Using cognitive psychology to understand GPT-3

Abstract

We study GPT-3, a recent large language model, using tools from cognitive psychology. More specifically, we assess GPT-3's decision-making, information search, deliberation, and causal reasoning abilities on a battery of canonical experiments from the literature. We find that much of GPT-3's behavior is impressive: It solves vignette-based tasks similarly or better than human subjects, is able to make decent decisions from descriptions, outperforms humans in a multiarmed bandit task, and shows signatures of model-based reinforcement learning. Yet, we also find that small perturbations to vignette-based tasks can lead GPT-3 vastly astray, that it shows no signatures of directed exploration, and that it fails miserably in a causal reasoning task. Taken together, these results enrich our understanding of current large language models and pave the way for future investigations using tools from cognitive psychology to study increasingly capable and opaque artificial agents.

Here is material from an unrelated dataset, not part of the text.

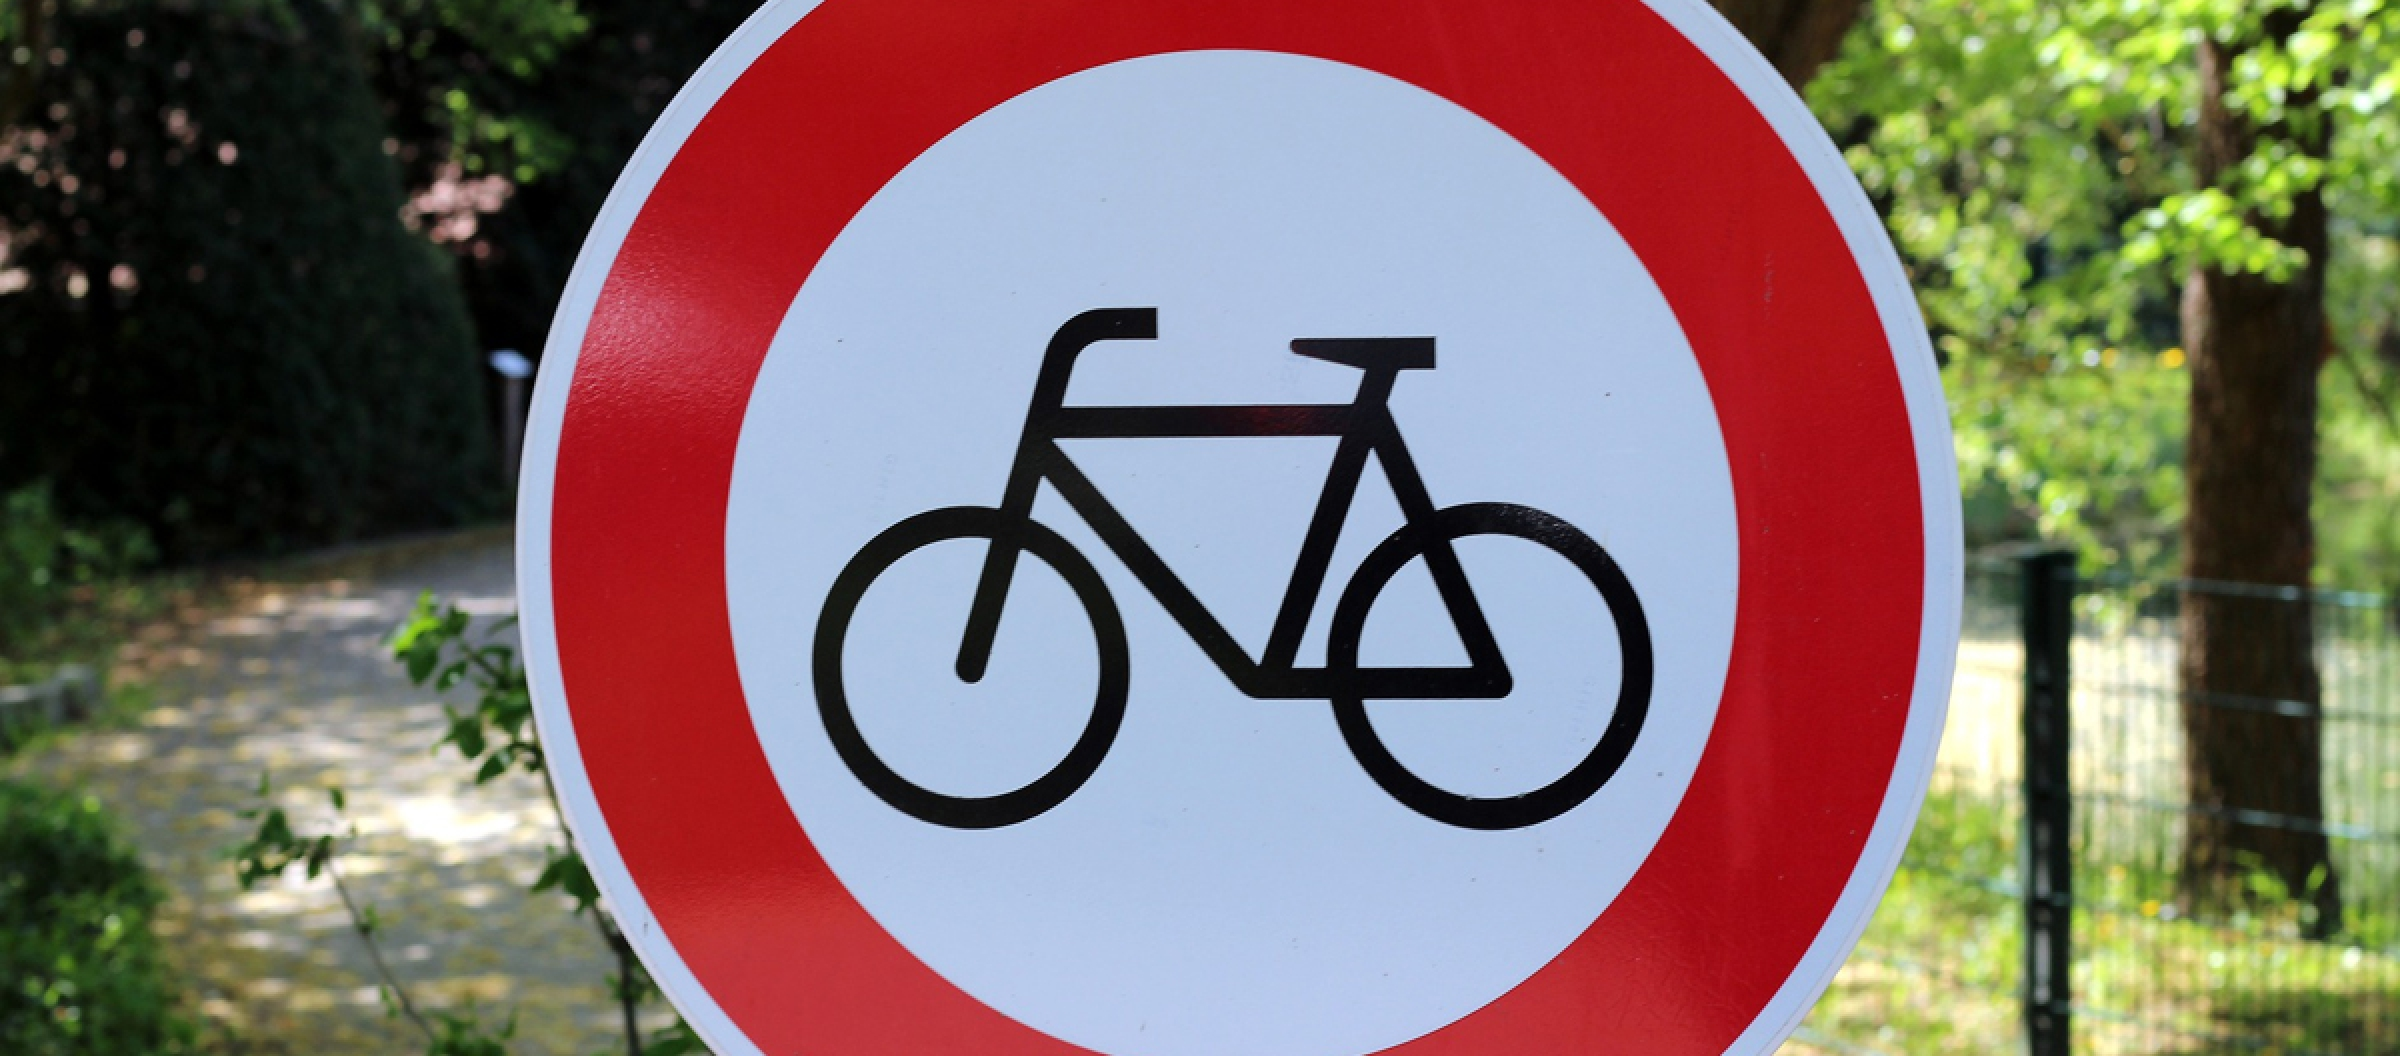 Signage Traffic Signs

Keywords: artificial intelligence; cognitive psychology; decision-making; language models; reasoning.

Fig. 1.

Vignette-based tasks. (A) Example prompt of a hypothetical scenario, in this case, the famous Linda problem, as submitted to GPT-3. (B) Results. While in 12 out 12 standard vignettes, GPT-3 answers either correctly or makes human-like mistakes, it makes mistakes that are not human-like when given the adversarial vignettes.

Fig. 2.

Decisions from descriptions. (A) Example prompt of a problem provided to GPT-3. (B) Example prompt of a problem provided to GPT-3. (C) Mean regret averaged over all 13,000 problems taken from Peterson et al. (23). Lower regret means better performance. Error bars indicate the SE of the mean. (D) Log-odds ratios of different contrasts used to test for cognitive biases. Positive values indicate that the given bias is present in humans (circle) or GPT-3 (triangle). Human data adapted from Ruggeri et al. (24).

Fig. 3.

Horizon task. (A) Visual overview of the horizon task paradigm. Each column pair corresponds to one example task. (B) Example prompt for one trial as submitted to GPT-3. (C) Mean regret for GPT-3 and human subjects by horizon condition. Lower regret means better performance. Error bars indicate the SE of the mean. Human data taken from Zaller et al. (29).

Fig. 4.

Two-step task. (A) Visual overview of the two-step task paradigm. (B) Example prompt of one trial in the canonical two-step task as submitted to GPT-3. (C) Model-free learning in dependency of rewarded and unrewarded as well as common and rare transitions. (D) Model-based learning in dependency of rewarded and unrewarded as well as common and rare transitions. (E) Human behavior in dependency of rewarded and unrewarded as well as common and rare transitions. Human data adapted from Daw et al. (30). (F) GPT-3’s behavior in dependency of rewarded and unrewarded as well as common and rare transitions. Error bars indicate the SE of the mean.

Fig. 5.

Causal reasoning. (A) Example prompt for the causal reasoning task adapted from Waldmann and Hagmayer (31). (B) GPT-3’s responses alongside responses of people and an ideal agent in the common-cause condition. (C) GPT-3’s responses alongside responses of people and an ideal agent in the causal-chain condition.

Fig. 6.

Prompt variations. (A) Performance for different prompt variations in the decisions from the descriptions paradigm. (B) Performance for different prompt variations in the horizon task. (C) Effect of random exploration for different prompt variations in the horizon task. (D) Effect of directed exploration for different prompt variations in the horizon task. (E) GPT-3’s behavior in dependency of rewarded and unrewarded as well as common and rare transitions for the alien cover story (reproduced from Fig. 4F). (F). GPT-3’s behavior in dependency of rewarded and unrewarded as well as common and rare transitions for the magical carpet cover story. Error bars indicate the SE of the mean.